The scorpion has been extensively used in various pharmacological profiles or as food supplies. The exploration of scorpion venom has been reported due to the presence of recombinant peptides. rBmαTX14 is an α-neurotoxin extracted from the venom gland of the East Asian scorpion Buthus martensii Karsch and can affect ion channel conductance. Here, we investigated the functions of rBmαTX14 using the Caenorhabditis elegans model. Using western blot analysis, rBmαTX14 was shown to be expressed both in the cytoplasm and inclusion bodies in the E.coli Rosetta (DE3) strain. Circular dichroism spectroscopy analysis demonstrated that purified rBmαTX14 retained its biological structures. Next, feeding nematodes with E.coli Rosetta (DE3) expressing rBmαTX14 caused extension of the life span and promoted the locomotion of the nematodes. In addition, we identified several genes that play various roles in the life span and locomotion of C. elegans through microarray analysis and quantitative real-time PCR. Furthermore, if the amino acid site H15 of rBmαTX14 was mutated, rBmαTX14 no longer promoted the C. elegans life span. In conclusion, the results not only demonstrated the functions and mechanism of rBmαTX14 in C. elegans, but also provided the new sight in the utility of recombinant peptides from scorpion venom.

Citation: Chen L, Zhang J, Xu J, Wan L, Teng K, Xiang J, et al. (2016) rBmαTX14 Increases the Life Span and Promotes the Locomotion of Caenorhabditis Elegans. PLoS ONE 11(9): e0161847. https://doi.org/10.1371/journal.pone.0161847

Editor: Aamir Nazir, CSIR-Central Drug Research Institute, INDIA

Received: February 16, 2016; Accepted: August 12, 2016; Published: September 9, 2016

Copyright: © 2016 Chen et al. This is an open access article distributed under the terms of the Creative Commons Attribution License, which permits unrestricted use, distribution, and reproduction in any medium, provided the original author and source are credited.

Data Availability: All relevant data are within the paper and its Supporting Information files.

Funding: This study was supported by National Program on Key Basic Research Project (973 Program, No. 2010CB529804), which is received by XL. The work was also supported by the National Natural Science Foundation of China. XL received the fundings which number is 31400155 or 81472550;ZBH received the funding which number is 81274048.The URLs of the funder's website is (http://www.nsfc.gov.cn). All the fundings have role in the study design, data collection and analysis, decision to publish, or preparation of the manuscript.

Competing interests: The authors have declared that no competing interests exist.
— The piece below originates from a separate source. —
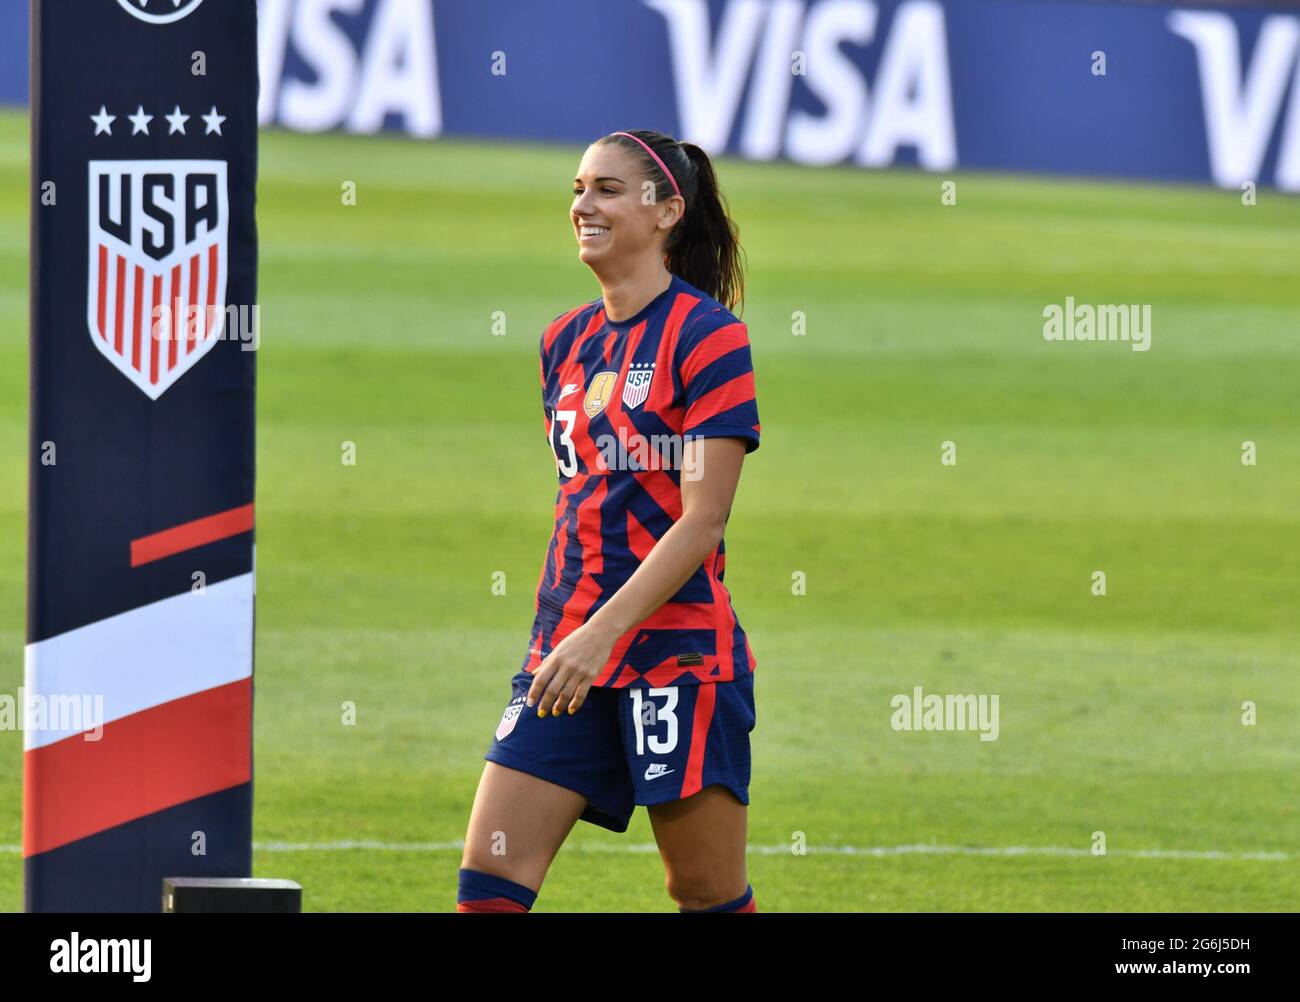 Connecticut, United States. 05/07/2021, Alex Morgan (13 USA) during the Send Off Series celebration after the International Women's match between United States and Mexico at Pratt & Whitney Stadium at Rentschler in East Hartford, Connecticut. Credit: SPP Sport Press Photo. /Alamy Live News Stock Photo

Abbreviations: C. elegans, Caenorhabditis elegans; IPTG, isopropyl-β-D-thiogalactopyranoside; SDS, sodium dodecyl sulfate; PAGE, polyacrylamide gelelectrophoresis; CD, Circular dichroism spectroscopy; RT-PCR, reverse transcription-polymerase chain reaction; DMSO, dimethyl sulfoxide; MAS, Molecule Annotation System

Introduction

Scorpions, which are considered ‘living fossils’, maintain primary Paleozoic scorpions features such as the venom apparatus, book lung and pectin [1]. Although Scorpion venom has toxin effects, it also contains enzymes, including hyaluronidase, phospholipase and proteases [24], and small peptides with antimicrobial and anti-parasitic activities [57]. Scorpions are also used as a source of Chinese medicine to treat stroke and other diseases.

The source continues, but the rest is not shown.